- [Action item] The answer should hold only the lines from the one that contains "With ice cream" through the last line of the material, repeated exactly, without pictures.

- [Information shown]
----------------------------------------
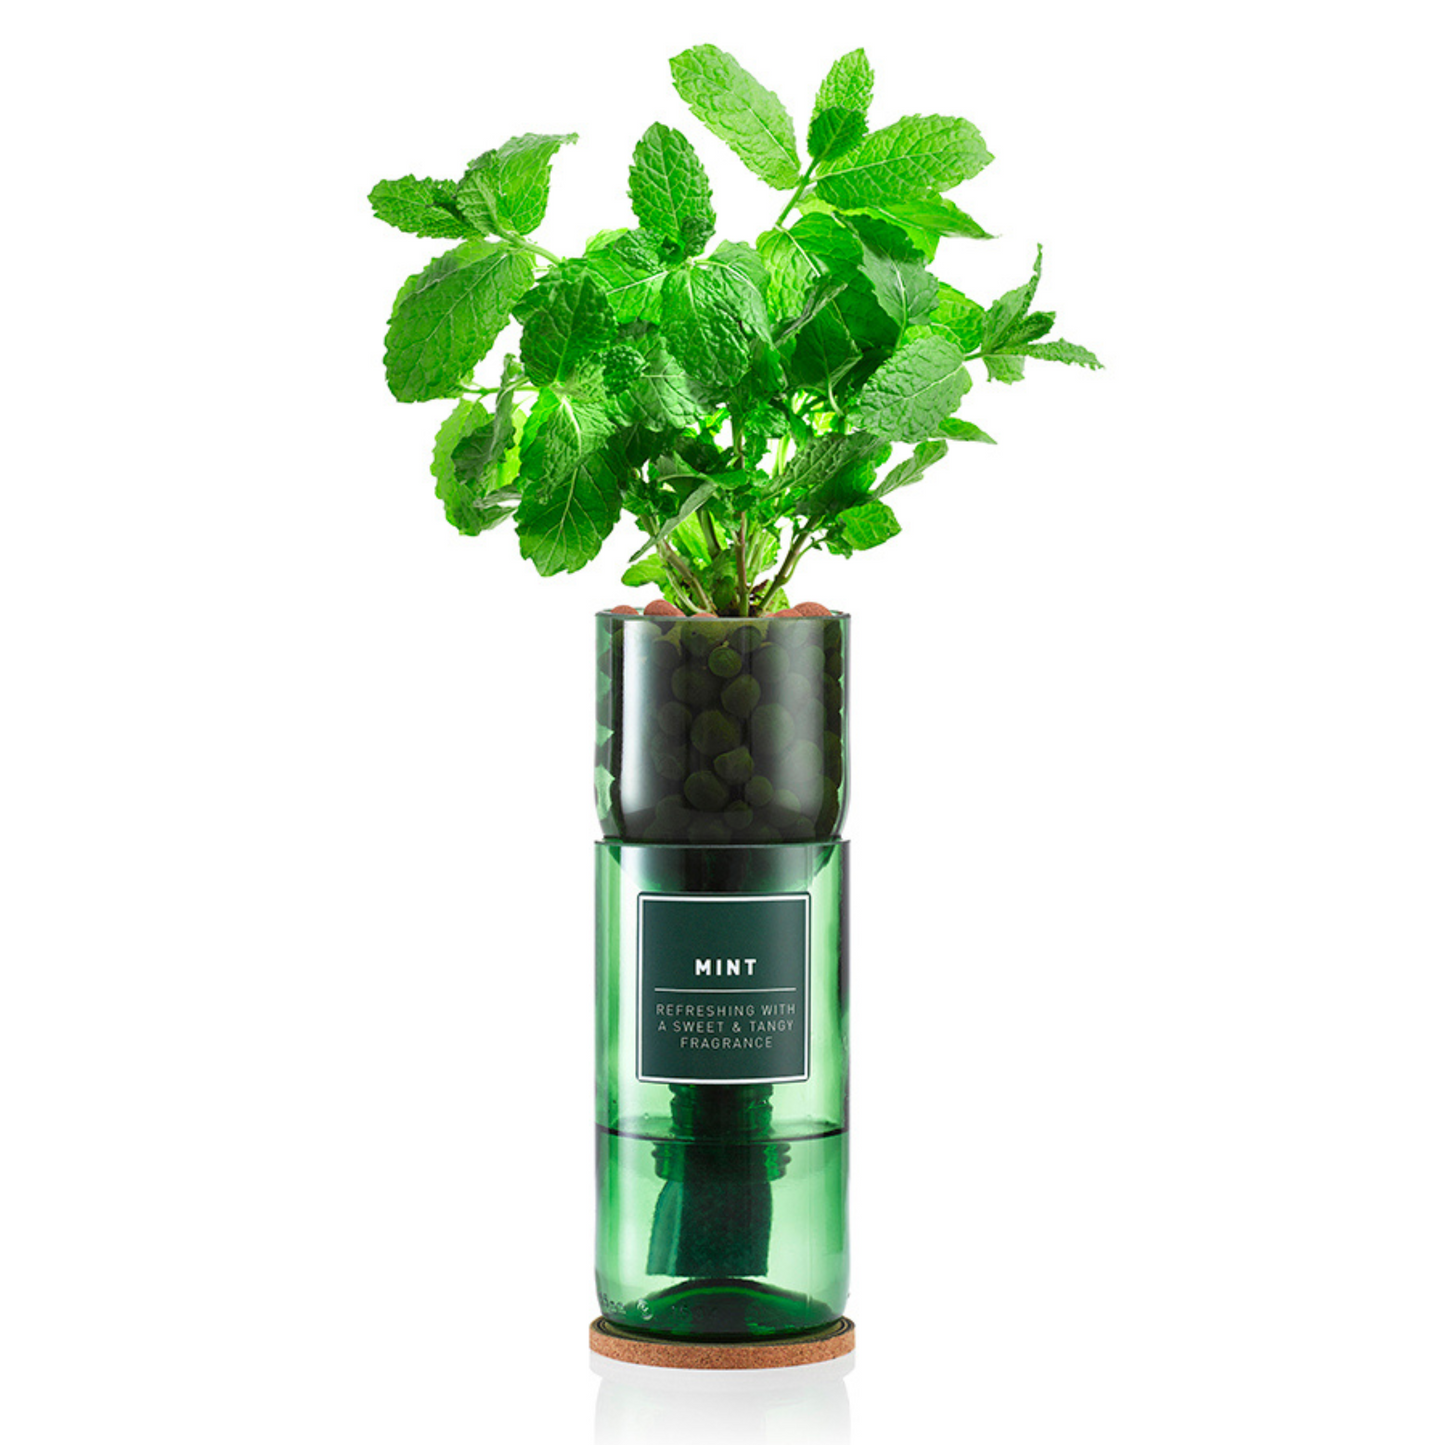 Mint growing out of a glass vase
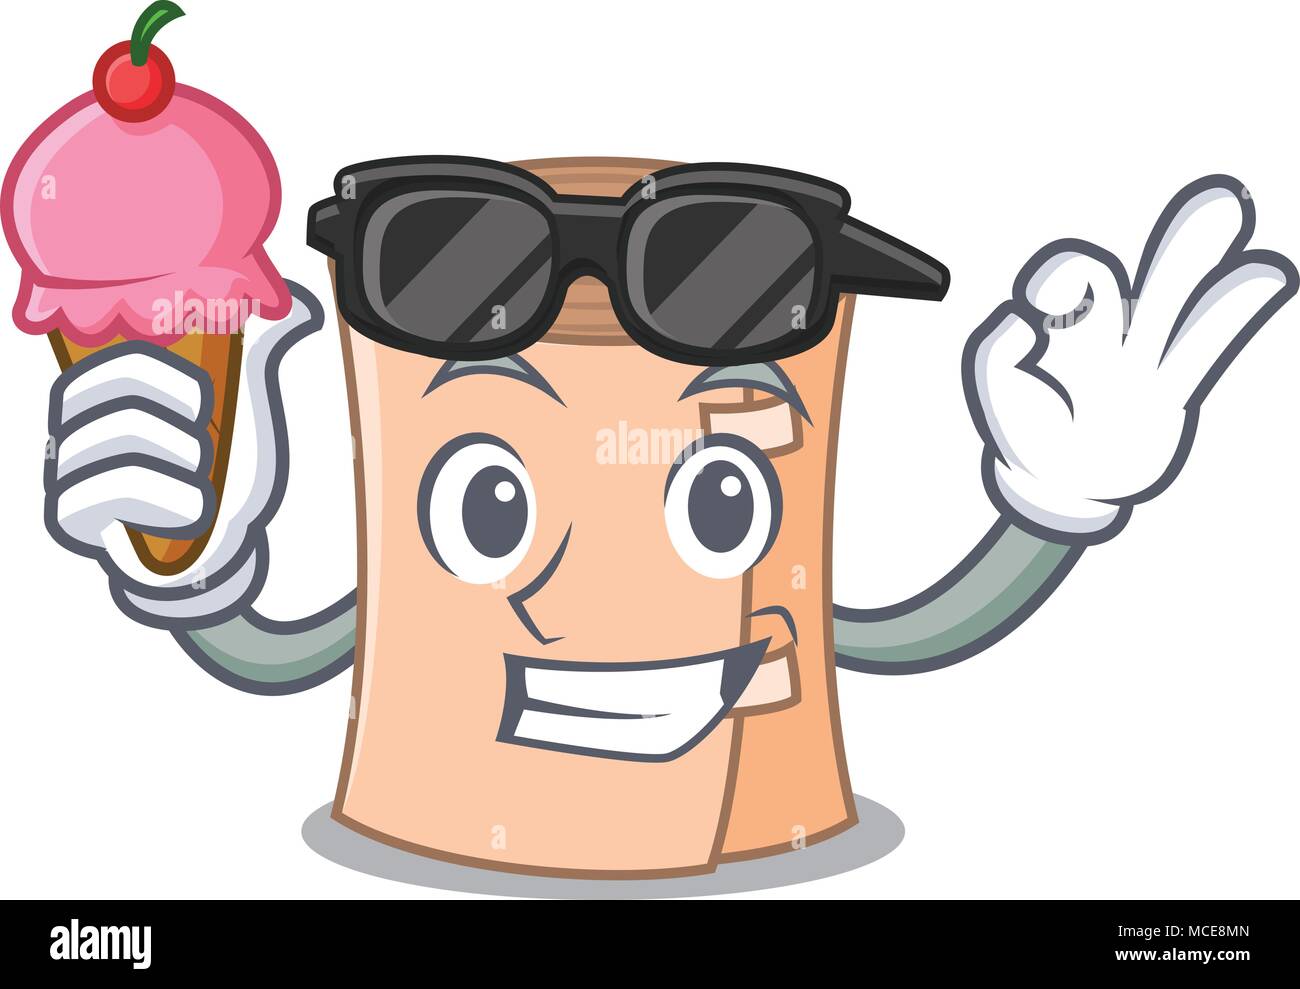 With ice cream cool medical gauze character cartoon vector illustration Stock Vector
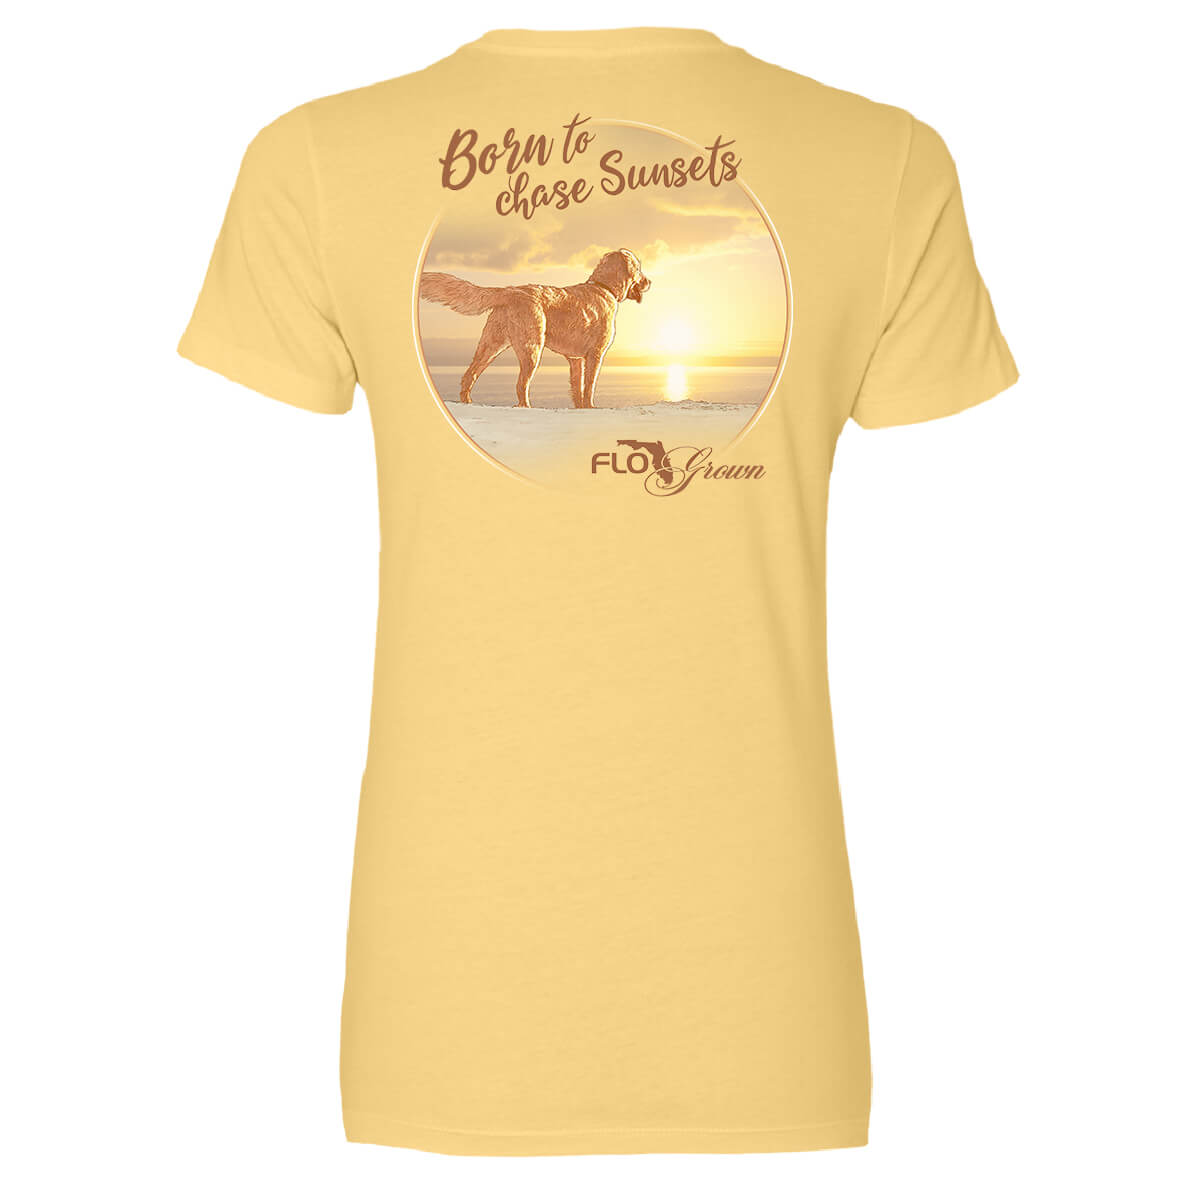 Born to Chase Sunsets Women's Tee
----------------------------------------
- [Solved exercise]
 With ice cream cool medical gauze character cartoon vector illustration Stock Vector
 Born to Chase Sunsets Women's Tee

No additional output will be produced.